Primitive specialization. Java provides IntStream, LongStream, DoubleStream to avoid boxing overhead. Kotlin has no primitive sequence specialization — all elements are boxed. For performance-critical numeric pipelines, consider using Java streams directly or working with arrays via IntArray.asSequence().
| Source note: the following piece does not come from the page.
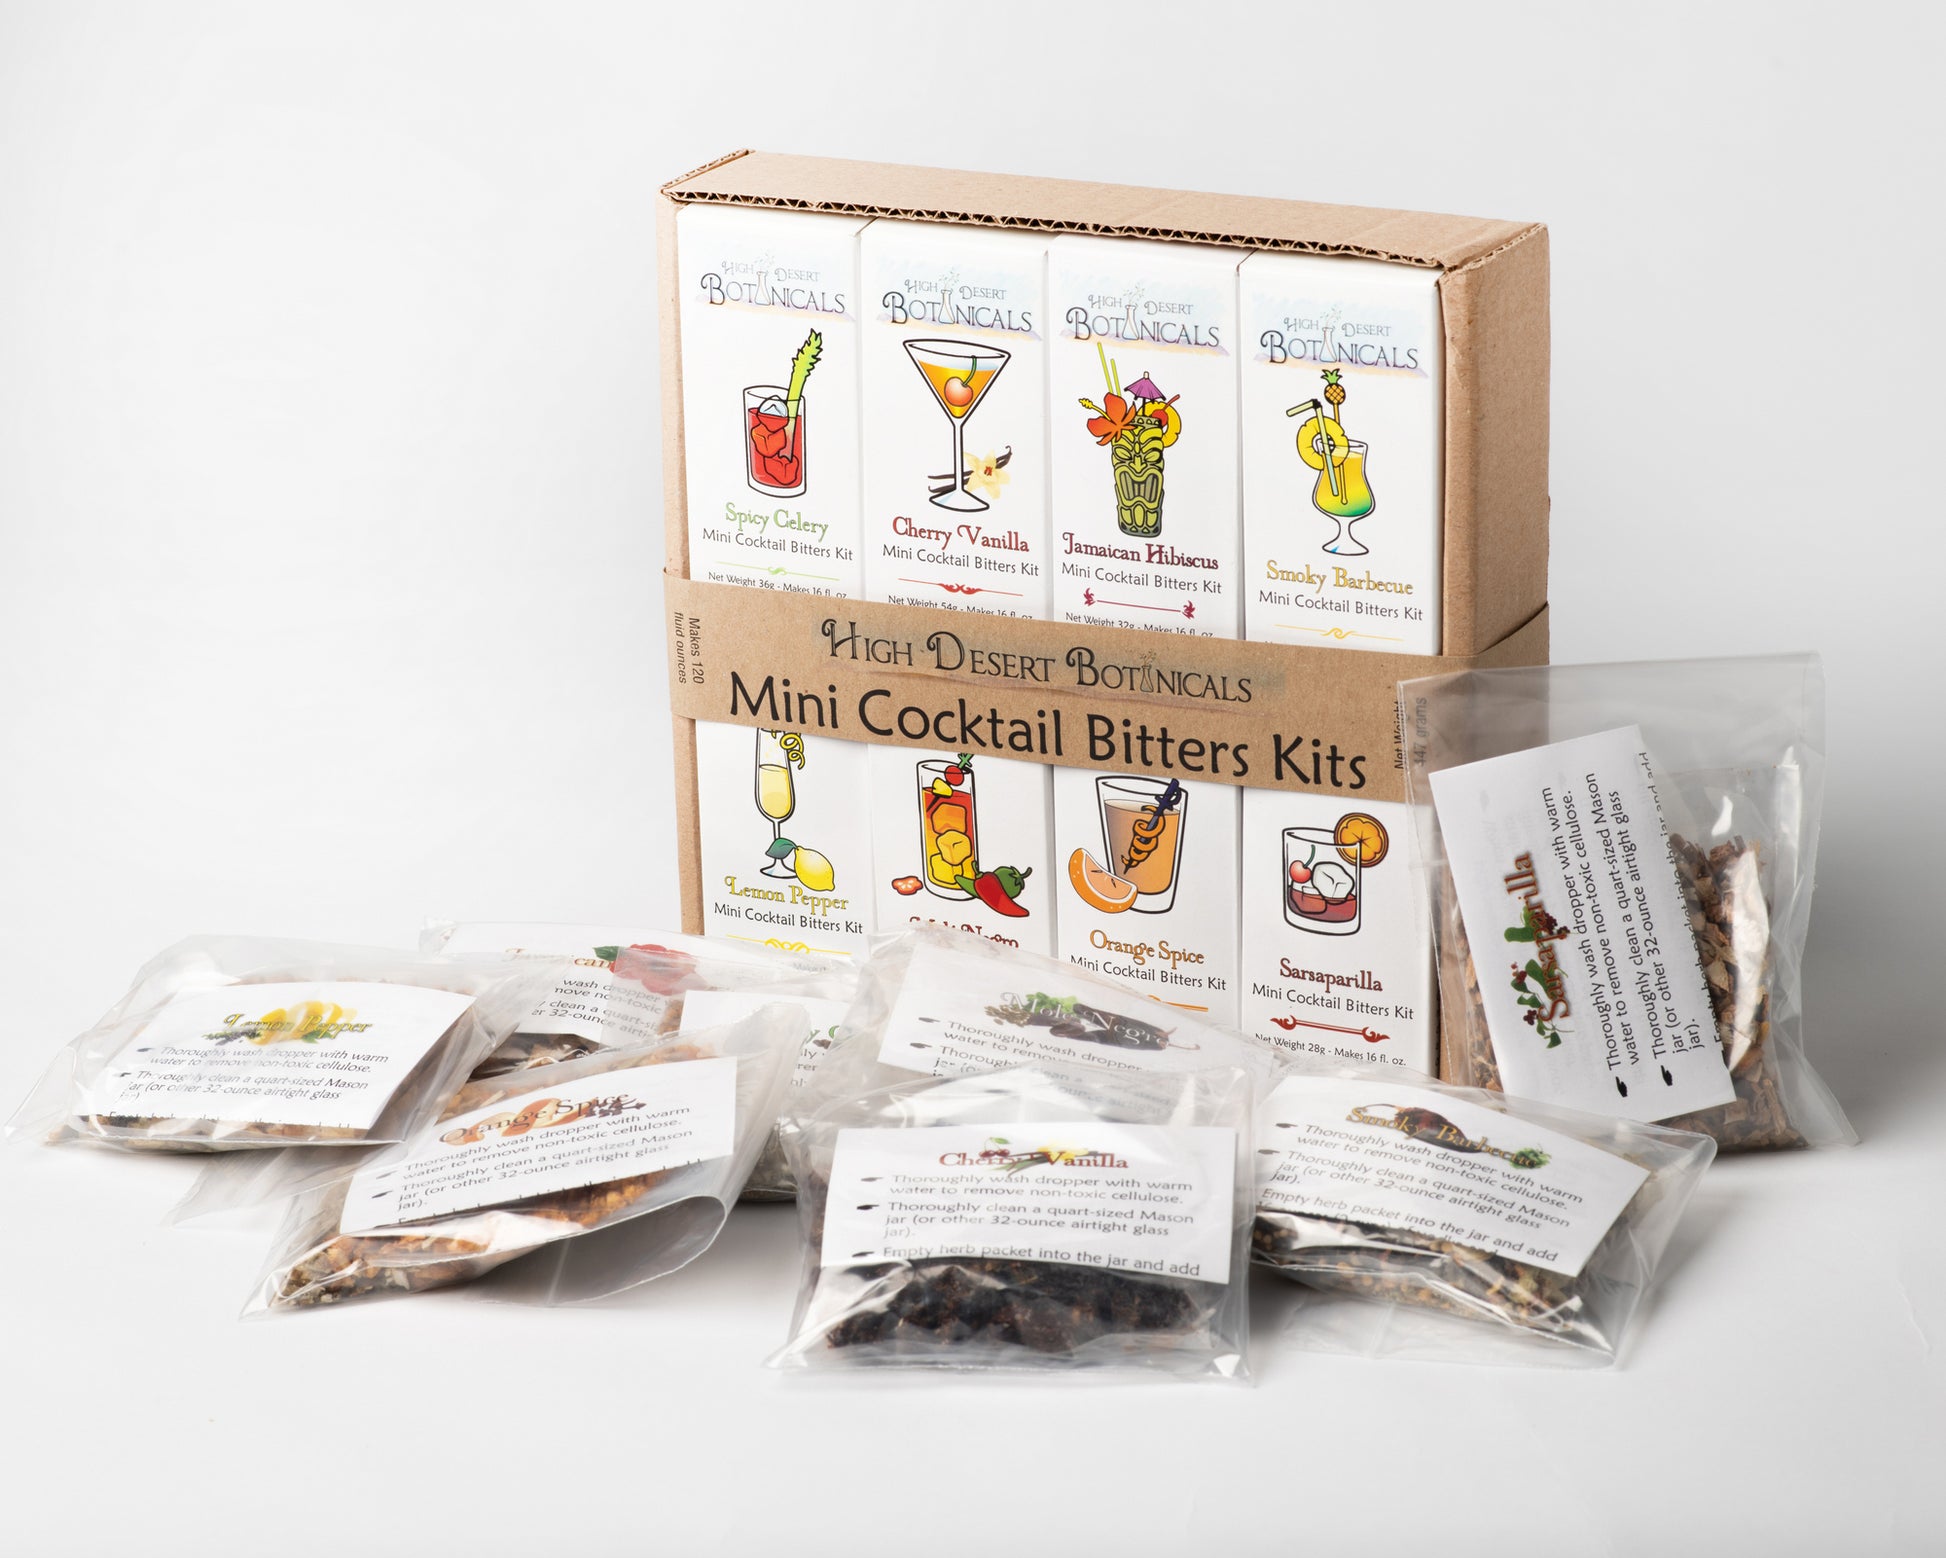 Special! - Save $5 - Mini Bitters Kit and Dasher Bottle

Decision Framework: When to Use What

Use eager collection operations when:

  • The collection has fewer than ~100 elements
  • You apply only one or two transformations
  • You need the intermediate results for other computations
  • You need random access (get(index)) on intermediate results
  • You’re inside a non-performance-critical code path

Use sequences when:

  • The pipeline has three or more chained operations
  • You use short-circuiting terminals: first(), find(), take(), any(), none()
  • The source collection is large (thousands+ elements)
  • Memory allocation pressure is a concern (tight loops, high-throughput paths)
  • You’re building an infinite or very large computed series

Use Java Streams when:

  • You need parallel processing without coroutines
  • You need primitive specialization for numeric computation
  • You’re working at a Java interop boundary and the consuming code expects a Stream

The common mistake is reaching for sequences everywhere. For a list.filter { ... }.map { ... } with 20 elements, the collection version is both faster and more readable. Sequences are an optimization tool — apply them where measurement shows they matter.